Before he could speak again, rapid hoofbeats sounded on the path below. A moment later, Ulrik came into view, riding hard up the slope on a grey gelding, cloak streaming behind him. He didn’t dismount, only pulled the reins hard, his horse skidding across the gravel-covered earth.
His gaze found Jingyi immediately. “It’s Annett. The babe’s coming. Lord Fortier’s man wanted to show off his skills, but my daughter will have no one but you, Princess.”
Jingyi was already moving toward the horse. “Take me to her.”
Alexander reached for her wrist. “I’ll take you. We leave now.”

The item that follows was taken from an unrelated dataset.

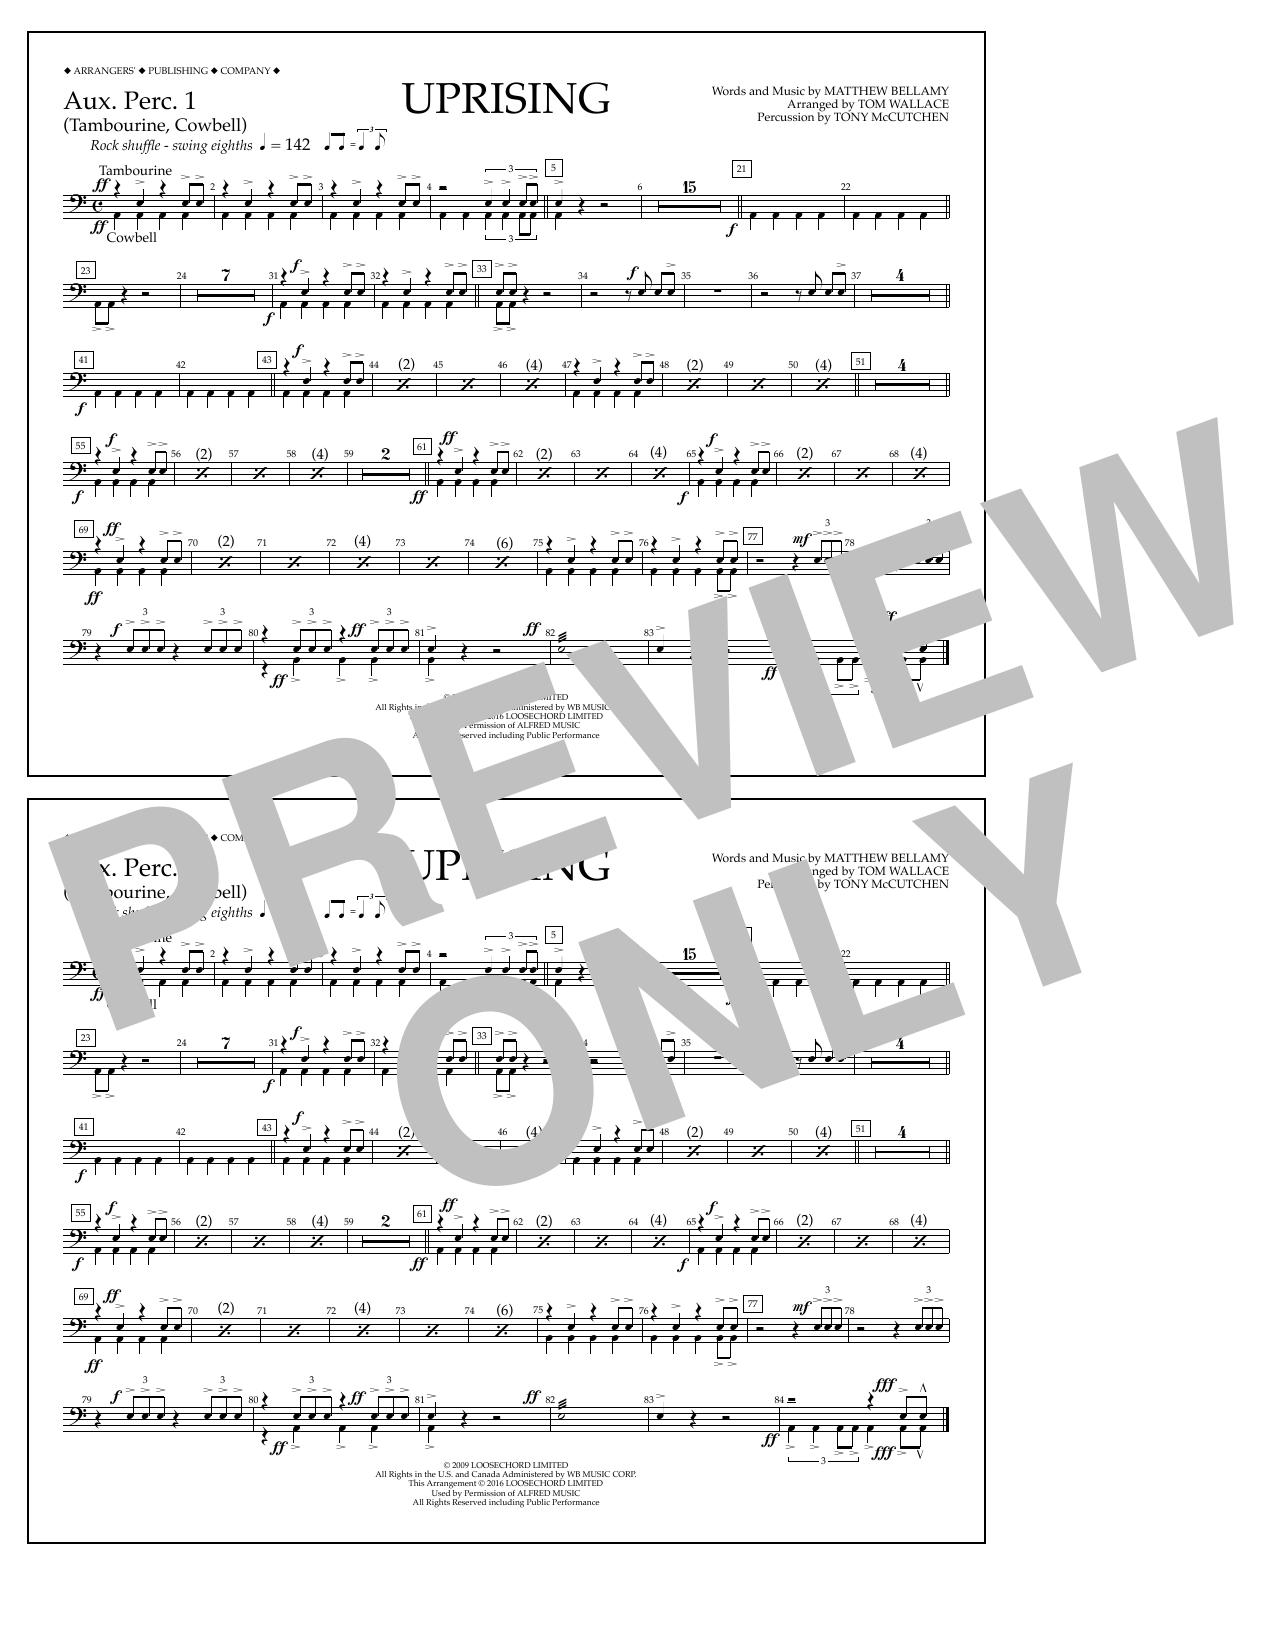 Muse - Uprising - Aux. Perc. 1

She blinked but didn’t pull away.
They rode hard through the falling dark. JingYi’s weight pressed against his back, her arms locked around his waist, her breath a warm brush against his neck with each jolting stride. Ulrik’s horse pounded behind.
The village emerged below, lanterns like fallen stars in the valley. One cottage blazed brighter than the rest, shadows moving urgently behind the windows. A small, tense crowd had gathered outside. At its edge stood Bertrand and Hevlan, their postures stiff.
Ulrik dismounted and glared at them. “I told you. My daughter wants the princess. No one else.”
Hevlan sputtered, “This is highly irregular. A delicate female condition requires a certified—”
“She wants her,” Ulrik repeated, jerking his chin toward JingYi. Alexander caught the look as he dismounted and lifted her down.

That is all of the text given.